The filing also shows that Soros Fund Management increased its holdings in a pair of gold miner ETFs sponsored by Van Eck. The filing indicates that the fund holds 2.32 million shares of the Market Vectors Gold Miners ETF (GDX) and nearly 2.4 million shares of the Market Vectors Junior Gold Miners ETF (GDXJ). Combined these positions are worth $159 million.

Other ETFs held by the Soros fund include the SPDR S&P Metals and Mining ETF (XME), the Materials Select Sector SPDR ETF (XLB), the Consumer Staples Select Sector SPDR ETF (XLP), the SPDR S&P Bank ETF (KBE), the iShares MSCI Emerging Markets Index ETF (EEM), the iShares FTSE China 25 Index ETF (FXI), and the giant SPDR S&P 500 ETF (SPY).

Soros’ rival, Ray Dalio, who manages Bridgewater Associates, the world’s largest hedge fund, is also active in ETFs. Over the third quarter he topped up stakes in two widely-held emerging markets funds, namely the Vanguard MSCI Emerging Markets ETF (VWO) (which will soon be transitioning to the FTSE Emerging Markets Index) and the iShares MSCI Emerging Market ETF (EEM). Bridgewater Associates’ holdings in these two funds now stand at 49.3 million and  33 million shares respectively, worth a cool $3.5 billion combined.

Like Soros, Dalio also has a significant position in the SPDR S&P 500 ETF (SPY), to which a further 18.2 million shares were added over the past three months. Together, these three ETFs accounted for Dalio’s largest purchases in the third quarter.

Dalio also carried out a few smaller trades, including a moderate trimming of its stake in the iShares MSCI Brazil Index ETF (EWZ) and a (relatively) small addition to its holding in iShares iBoxx $ Investment Grade Corporate Bond ETF (LQD). With almost 357,000 shares, LQD is the fund’s sixth-largest position, worth about $43 million.

David Tepper, who runs the Appaloosa Management hedge fund, is also a big player in the ETF game. In fact his fund’s largest holding is an ETF tracking the Nasdaq 100 Index, the PowerShares QQQ ETF (QQQ). Despite trimming its holding in the third-quarter, Appaloosa holds 6,449,182 shares of QQQ, worth about $423 million and equivalent to 11.0% of the total fund.

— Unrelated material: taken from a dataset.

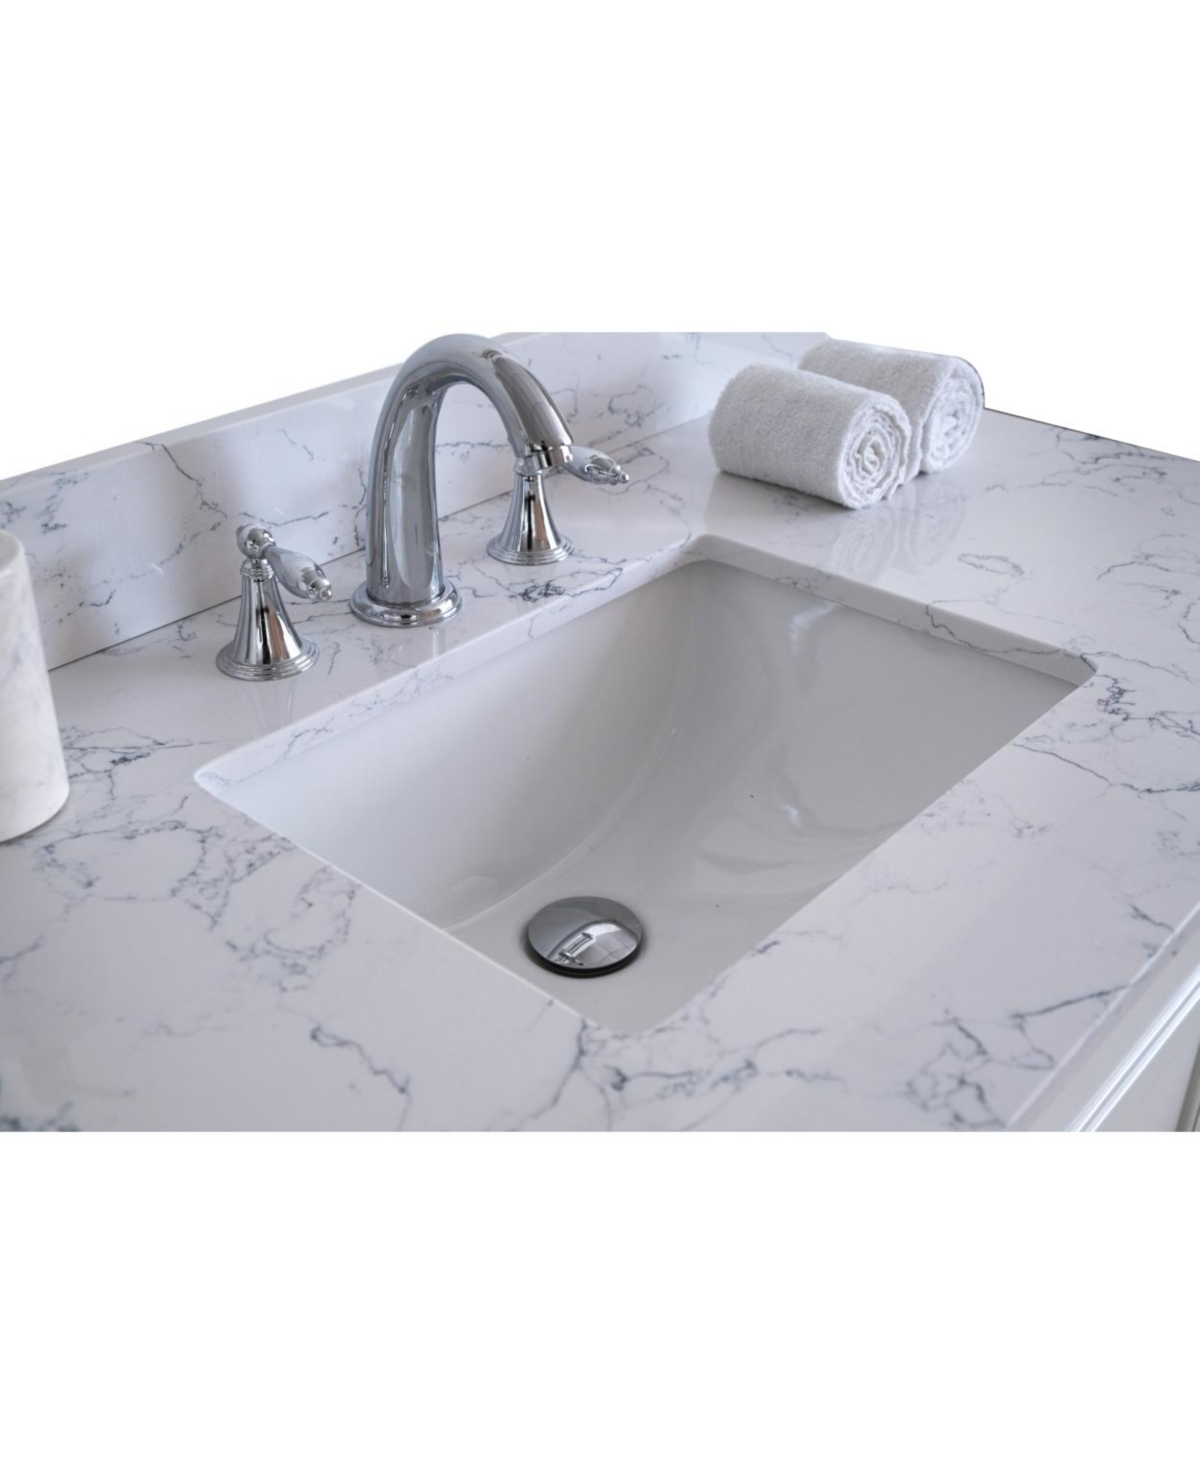 Carrara Jade Marble Vanity Top with Sink & Backsplash - White

While all the funds mentioned above are listed on US exchanges (NYSE and Nasdaq), virtually all of them have UK and European-listed equivalents.

For example, a good London-listed alternative to SPDR Gold Shares ETF (GLD) is the ETFS Physical Gold ETC (PHAU) from ETF Securities. Similarly, an alternative to the Market Vectors gold mining funds is the iShares S&P Commodity Producers Gold ETF (SPGP). For US sector ETFs, Source offers a comprehensive line-up.

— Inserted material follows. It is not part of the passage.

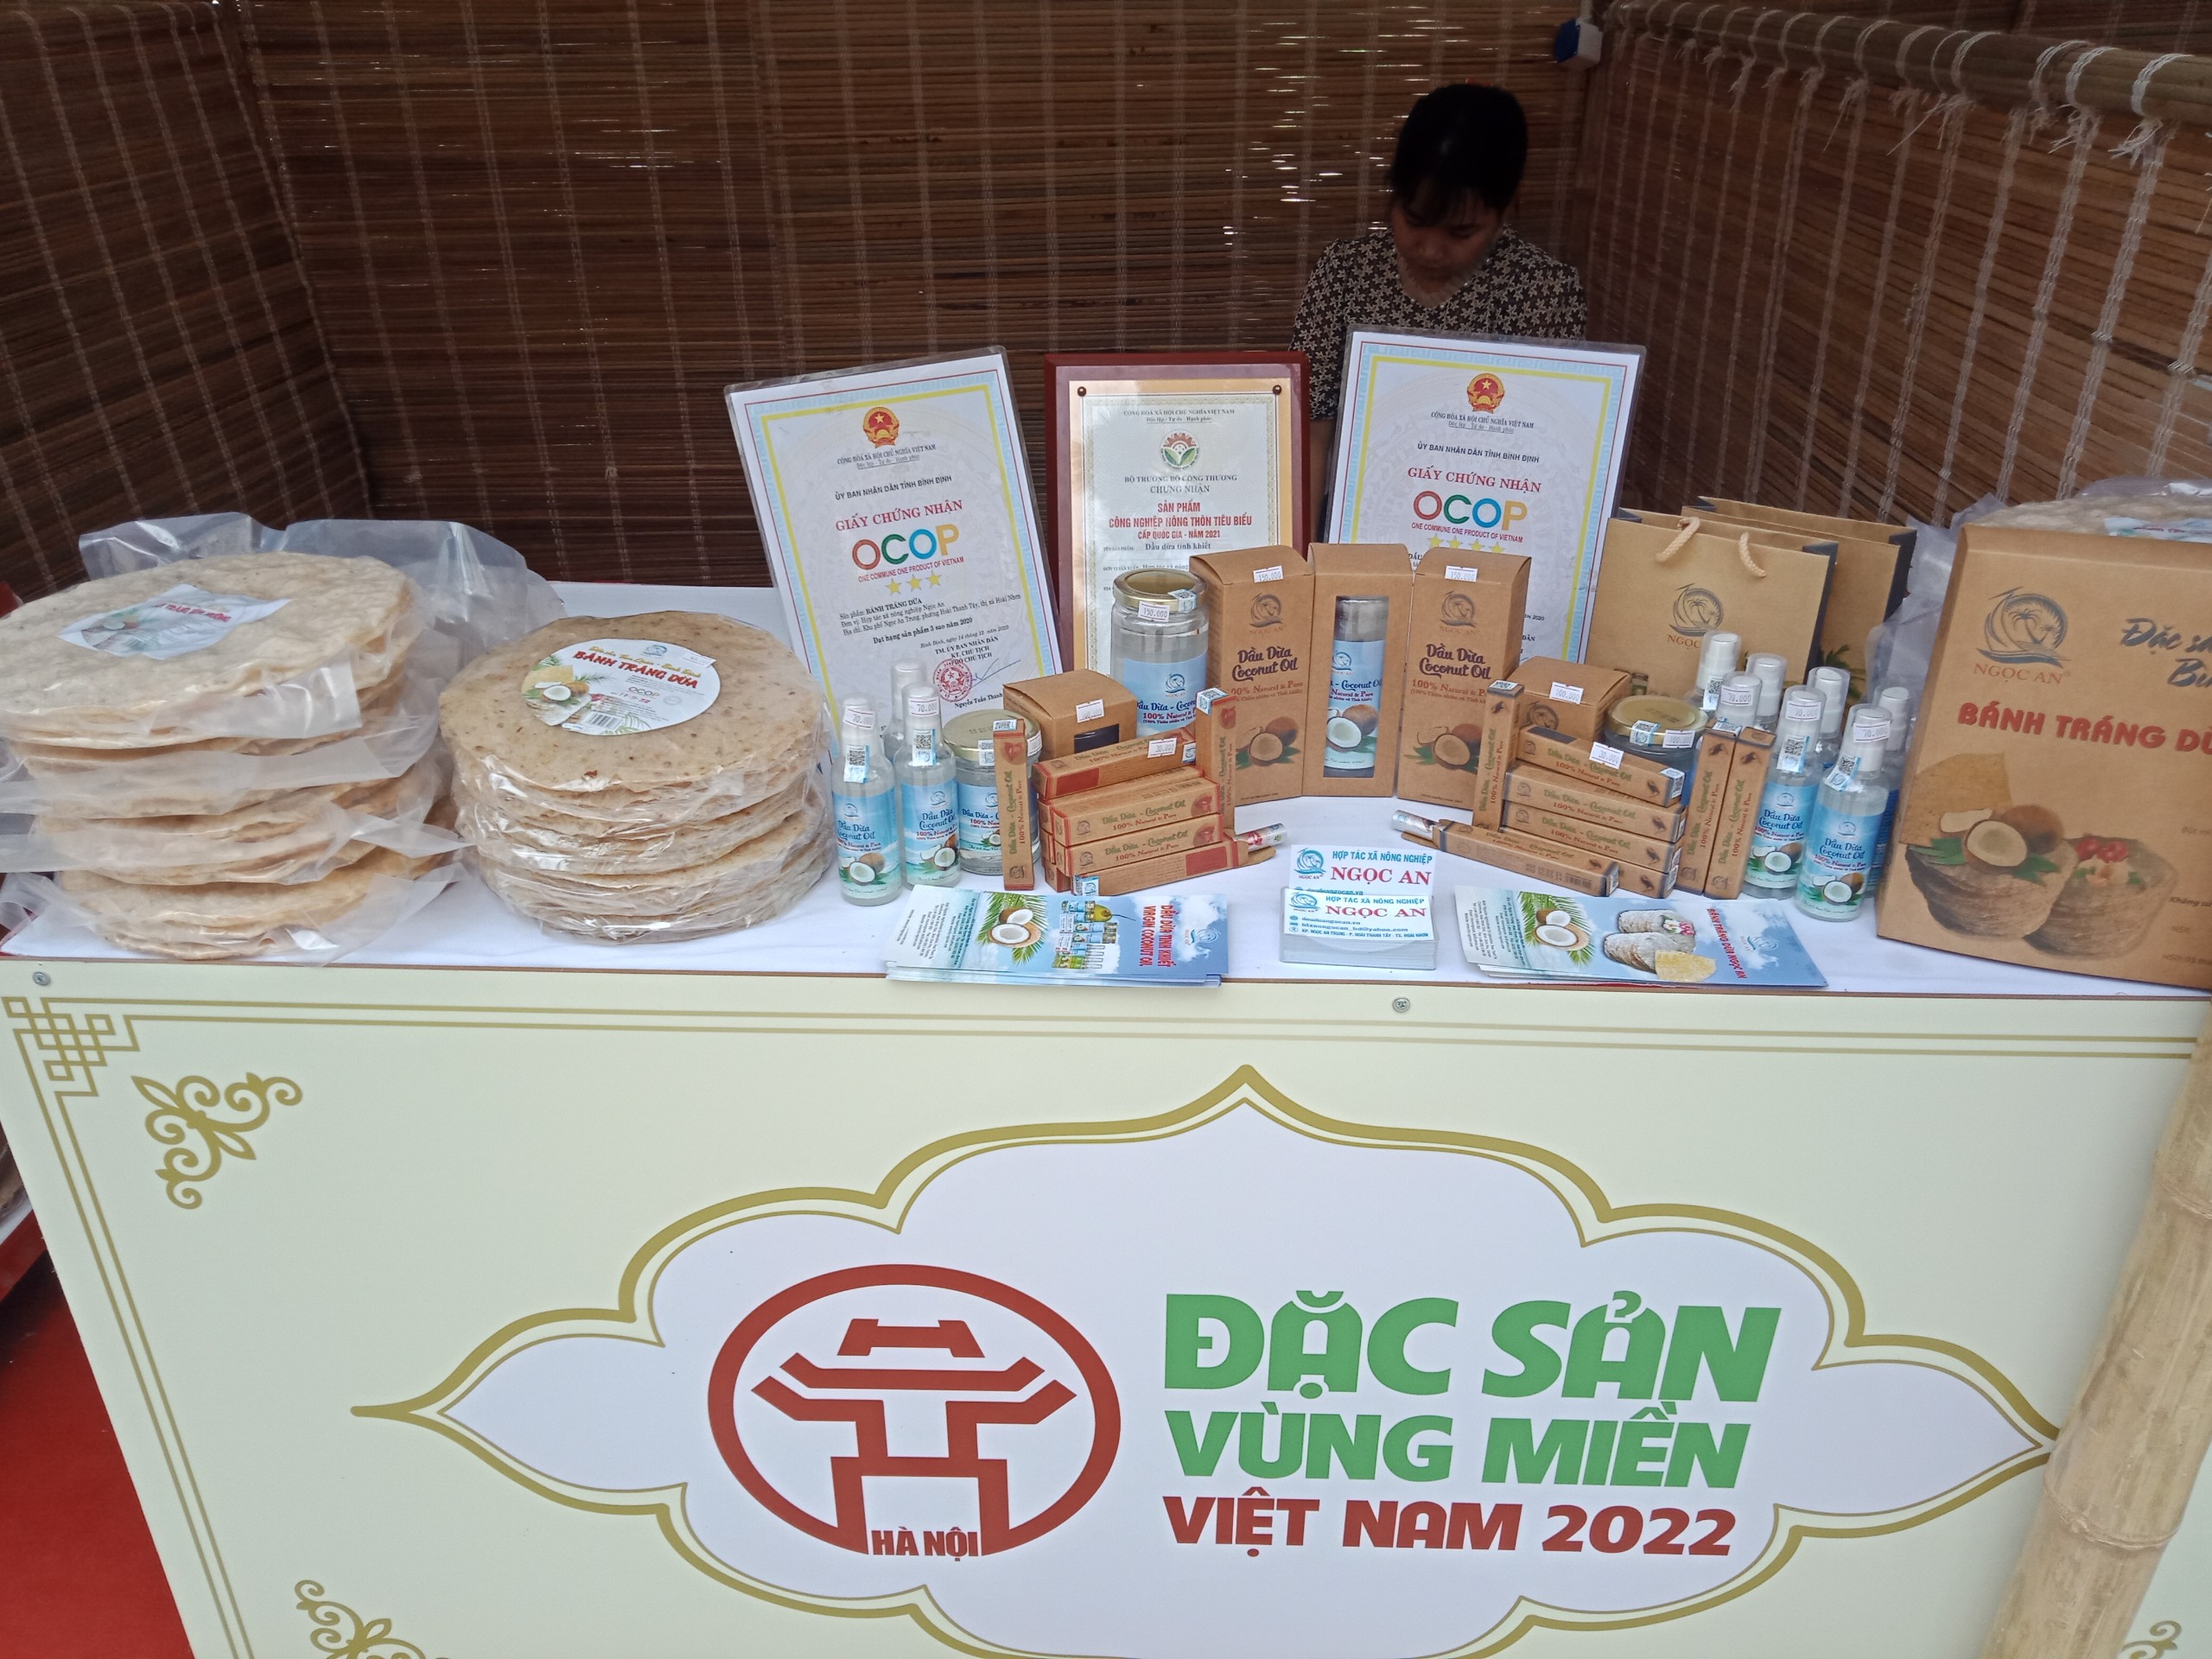  Sản phẩm dầu dừa, bánh tráng dừa Ngọc An tham gia Hội chợ Đặc sản vùng miền năm 2022 được tổ chức tại Quảng trường Trung tâm thương mại Vincom Mege Mall Royal City Hà Nội

For broad S&P 500 exposure, the super-cheap synthetic UBS-ETF S&P 500 (UC41), which charges just 0.05% pa, is the cheapest, followed by the physical Vanguard S&P 500 (VUSA) at 0.09%. For emerging markets Deutsche Bank’s db X-trackers offers the fullest range, though the Lyxor ETF MSCI Emerging Markets (LEML) is one of the most competitive when it comes to price.

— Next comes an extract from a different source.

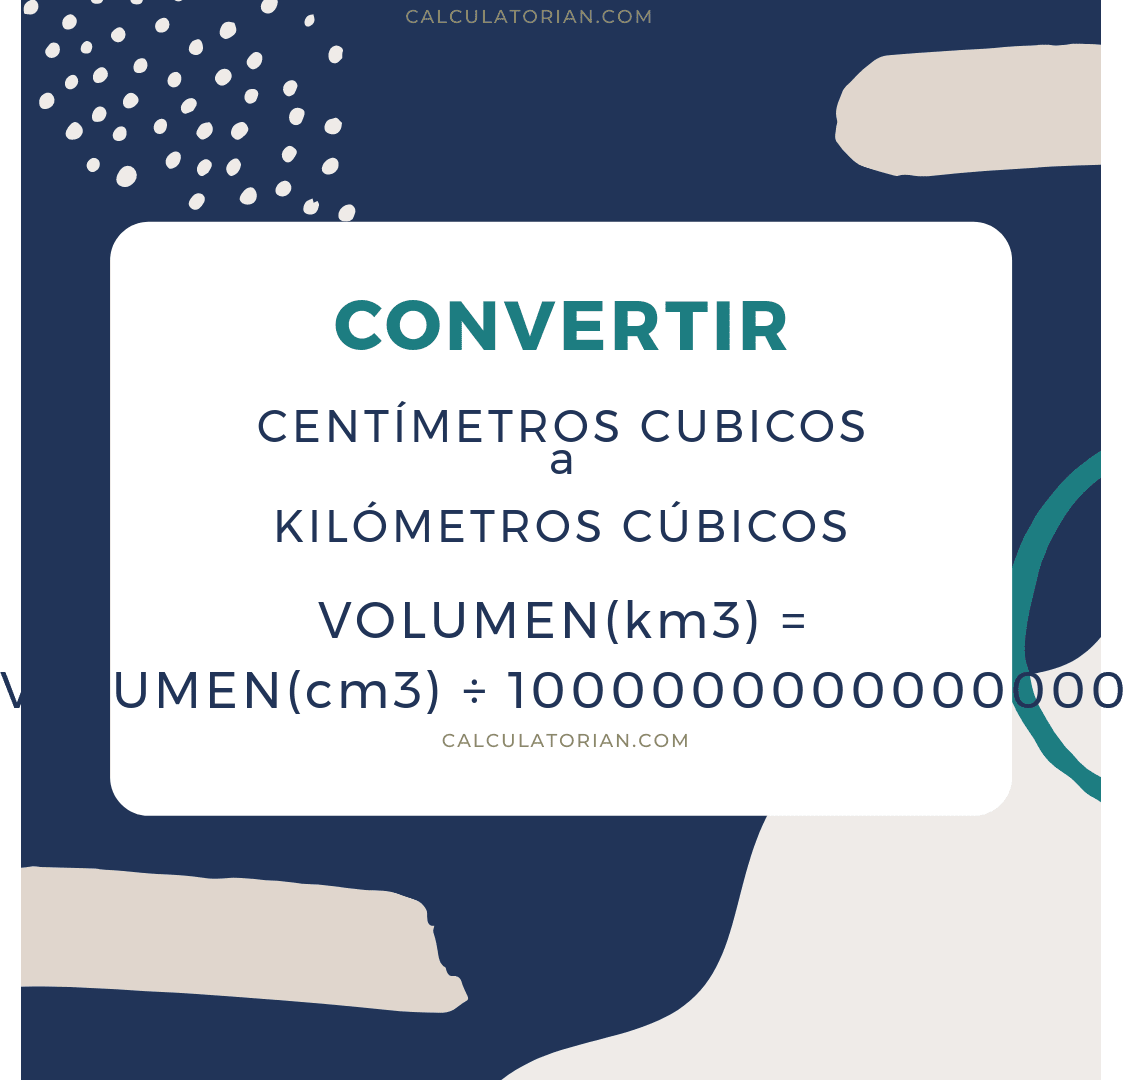 La fórmula para convertir volume de Centímetros cubicos a Kilómetros cúbicos

For investment grade bonds, the iShares Markit iBoxx $ Corporate Bond ETF (LQDE) does the same as LQD held by Dalio’s Bridgewater Associates. And for those looking to mimic Tepper and build a position in the Nasdaq 100, the UK has its very own version of QQQ, the PowerShares EQQQ ETF (EQQQ). Incidentally, there’s a slightly cheaper ETF tracking this index, offered by Amundi, which is also worth a look.